I did some profiling and it seems that it does 308,789 extra allocations which is the equivalent number of allocations as running the code (so you basically run the function almost twice), and kind of aligns with the timings of the benchmarking you're doing. I also recommend you to not use time use something else like time.time() it's better to use time.perf_counter() or timeit dedicated file.

Command line: /home/user/.local/lib/python3.10/site-packages/memray/ run Start time: 2024-06-11 20:55:50.468000 End time: 2024-06-11 20:56:03.760000 Total number of allocations: 5758033 Total number of frames seen: 7712 Peak memory usage: 379.6 MiB Python allocator: pymalloc

Command line: /home/user/.local/lib/python3.10/site-packages/memray/ run Start time: 2024-06-11 20:58:21.480000 End time: 2024-06-11 20:58:39.027000 Total number of allocations: 6138822 Total number of frames seen: 7710 Peak memory usage: 381.0 MiB Python allocator: pymalloc

0xj2aDtnJT9770f3941ef36d0677-1337-776 0xHEaRqUMc8758f1adbdc903ce00-1331-801

TheTesla commented 2 weeks ago

I did the profiling again, now with may "fix"/workaround. The Total Memory is nearly doubled. I don't know why.
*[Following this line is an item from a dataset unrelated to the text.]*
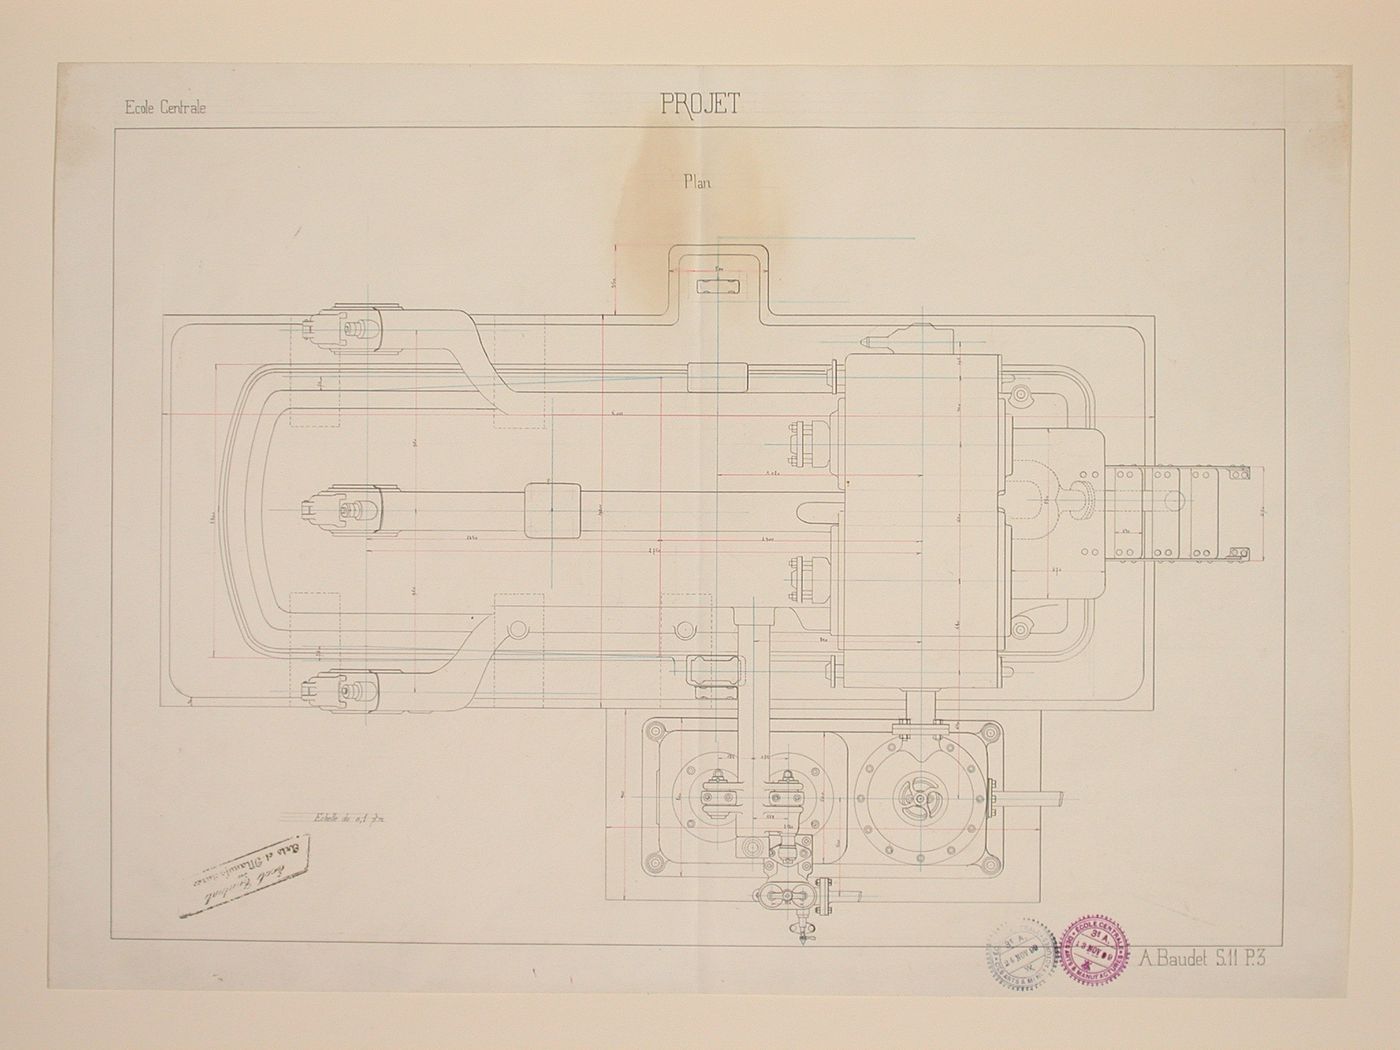 Student engineering drawing: Plan of a machine

Bildschirmfoto vom 2024-06-14 11-22-43

Bildschirmfoto vom 2024-06-14 11-23-07

Bildschirmfoto vom 2024-06-14 11-23-21

TheTesla commented 17 hours ago

I found out, inline = 'always' doesn't change much:

$ python3
/home/stefan/testing/py-par-dict/ NumbaTypeSafetyWarning: unsafe cast from uint64 to int64. Precision may be lost.
  return dicts[hash(key)%nothrds][key]
- threads:  1 - time:  12.926 cputime:  12.93
- threads:  1 - time:  2.512 cputime:  2.51
- threads:  2 - time:  4.094 cputime:  8.19
- threads:  3 - time:  3.623 cputime:  10.87
- threads:  4 - time:  3.549 cputime:  14.20
- threads:  5 - time:  3.185 cputime:  15.93
- threads:  6 - time:  3.039 cputime:  18.24
- threads:  7 - time:  2.629 cputime:  18.40
- threads:  8 - time:  2.830 cputime:  22.64
- threads:  9 - time:  2.664 cputime:  23.97
- threads:  10 - time:  2.725 cputime:  27.25
- threads:  11 - time:  2.397 cputime:  26.37
- threads:  12 - time:  2.635 cputime:  31.62
- threads:  13 - time:  2.716 cputime:  35.31
- threads:  14 - time:  2.428 cputime:  33.99
- threads:  15 - time:  2.557 cputime:  38.36
- threads:  16 - time:  2.522 cputime:  40.35

I thought, it would optimize the state tuple away.